PROBLEM REQUIREMENTS -> Please give back each line below unchanged; none of the pictures should appear.

PROVIDED MATERIAL ->
§
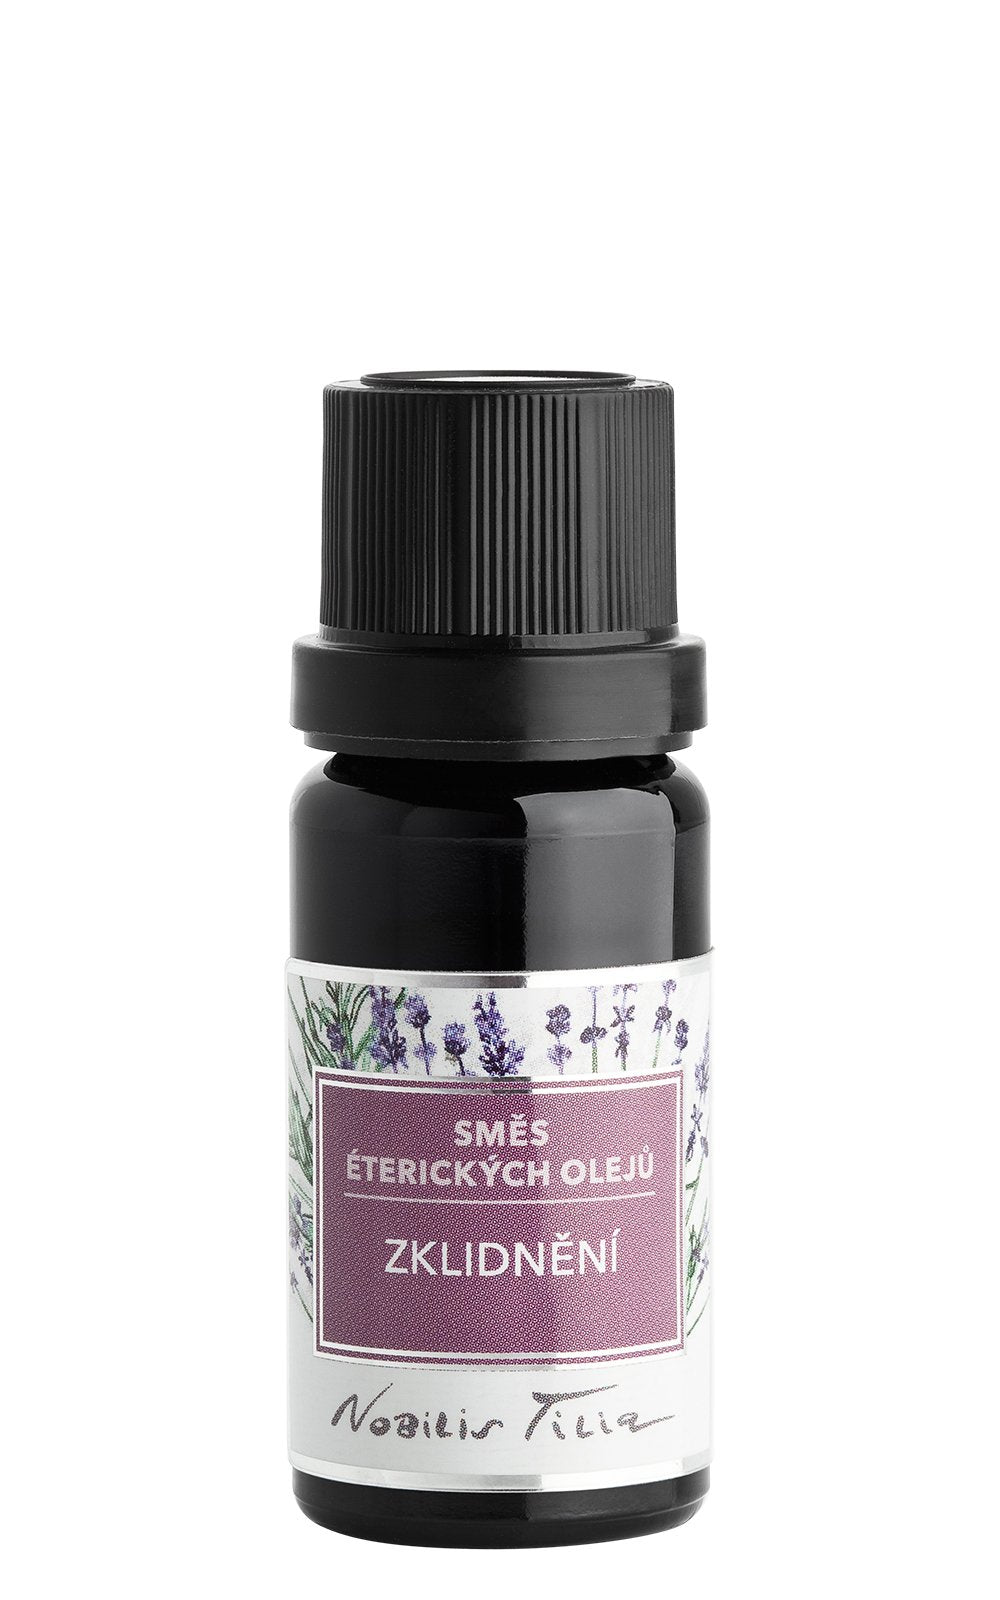 Nobilis Tilia Směs éterických olejů Zklidnění (10 ml) - pro relaxaci a klidný spánek Nobilis Tilia
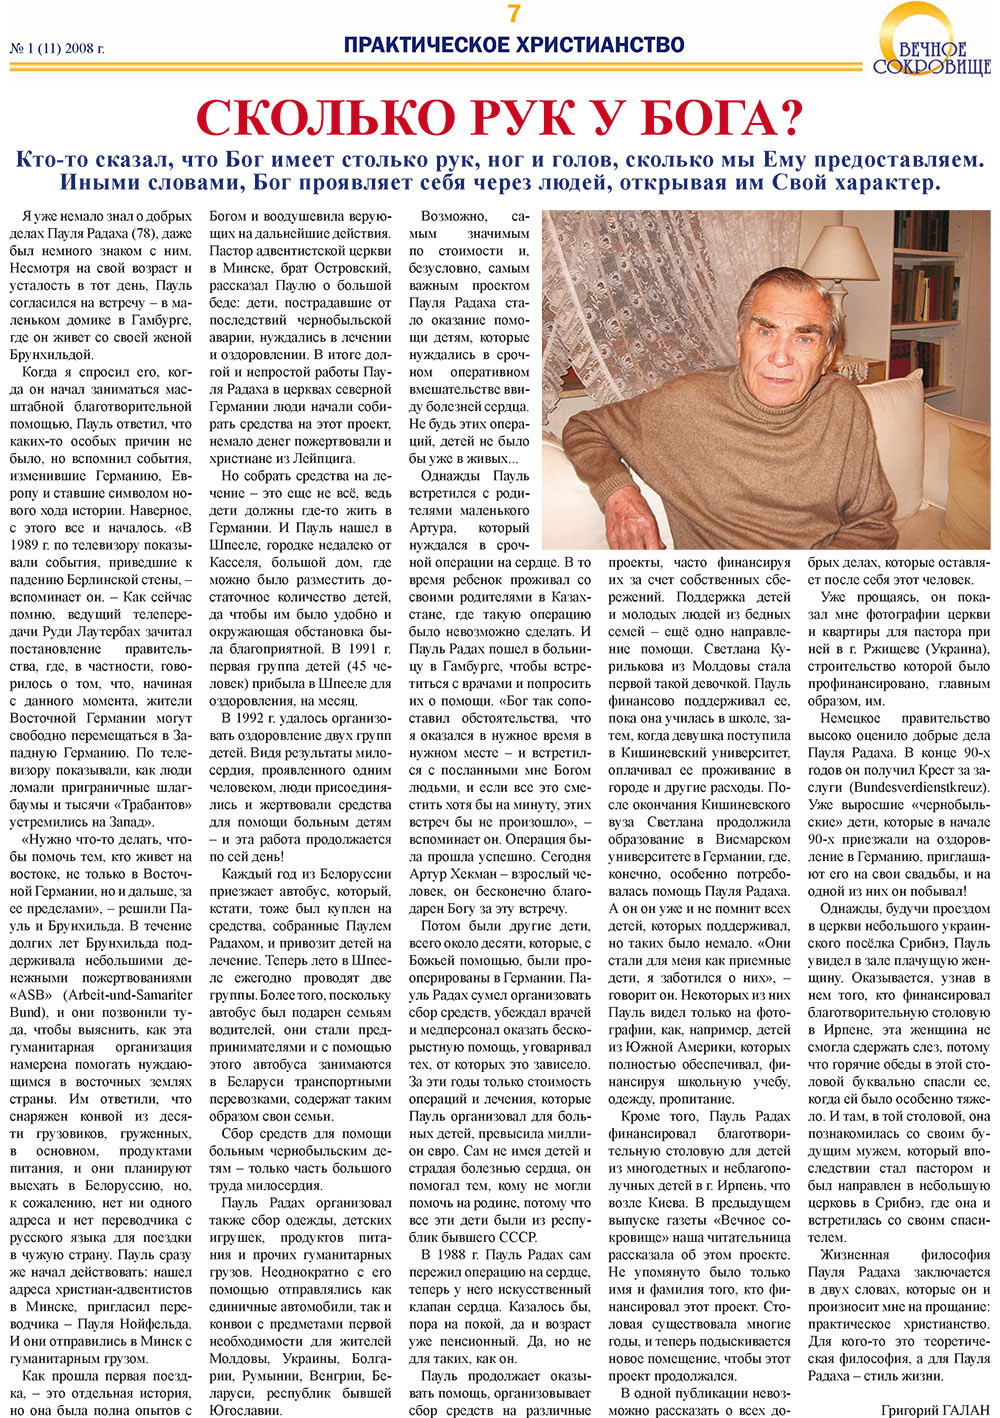 Вечное сокровище, газета. 2008 №1 стр.7
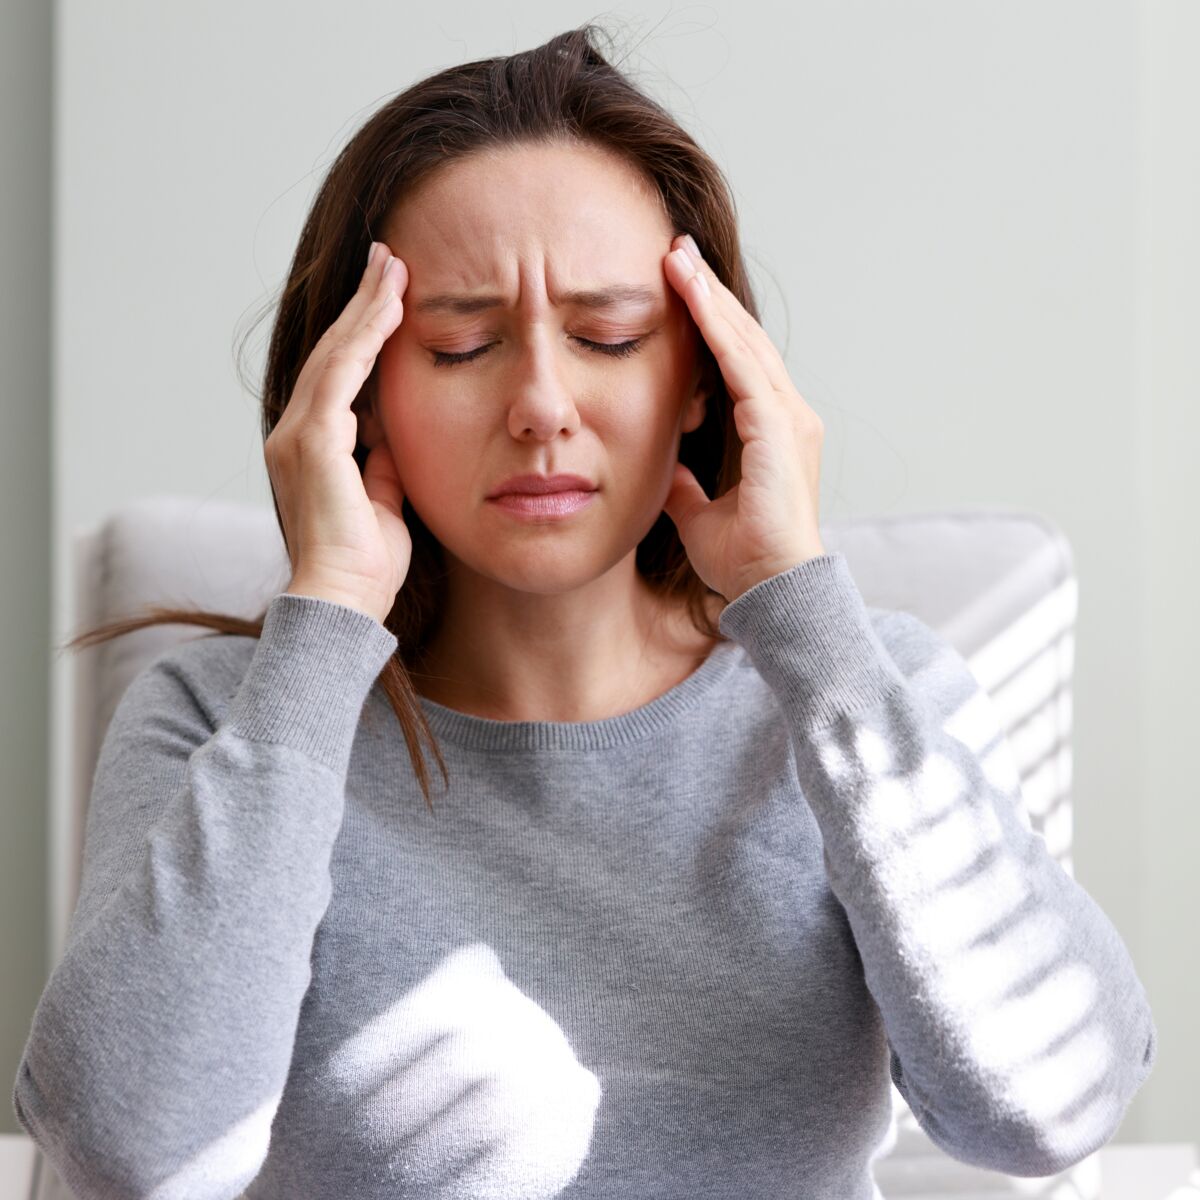 Migraine cataméniale : tout sur les migraines pendant les règles
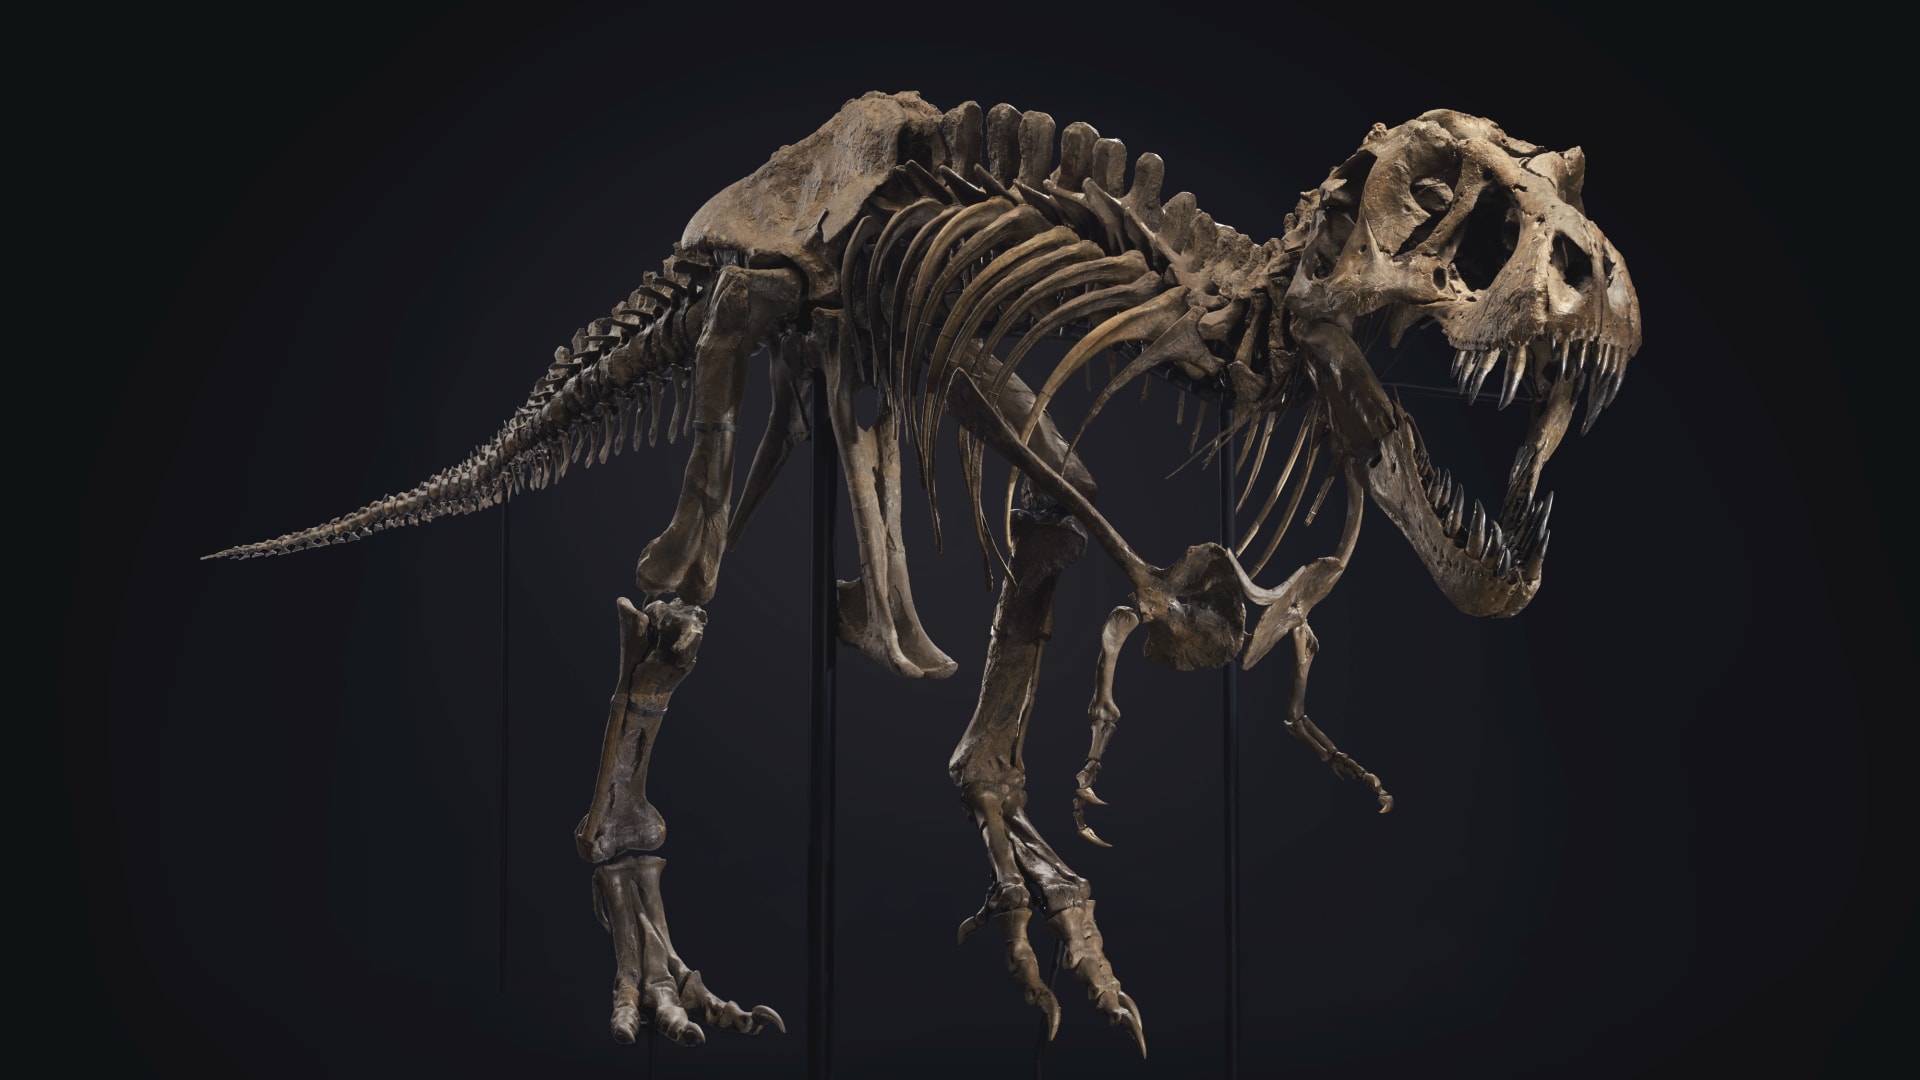 سيكون للديناصور الشهير "ستان" منزل جديد بأبوظبي مع إطلاق مشروع إنشاء متحف التاريخ الطبيعي
§
EXERCISE RESPONSE ->
 Nobilis Tilia Směs éterických olejů Zklidnění (10 ml) - pro relaxaci a klidný spánek Nobilis Tilia
 Вечное сокровище, газета. 2008 №1 стр.7
 Migraine cataméniale : tout sur les migraines pendant les règles
 سيكون للديناصور الشهير "ستان" منزل جديد بأبوظبي مع إطلاق مشروع إنشاء متحف التاريخ الطبيعي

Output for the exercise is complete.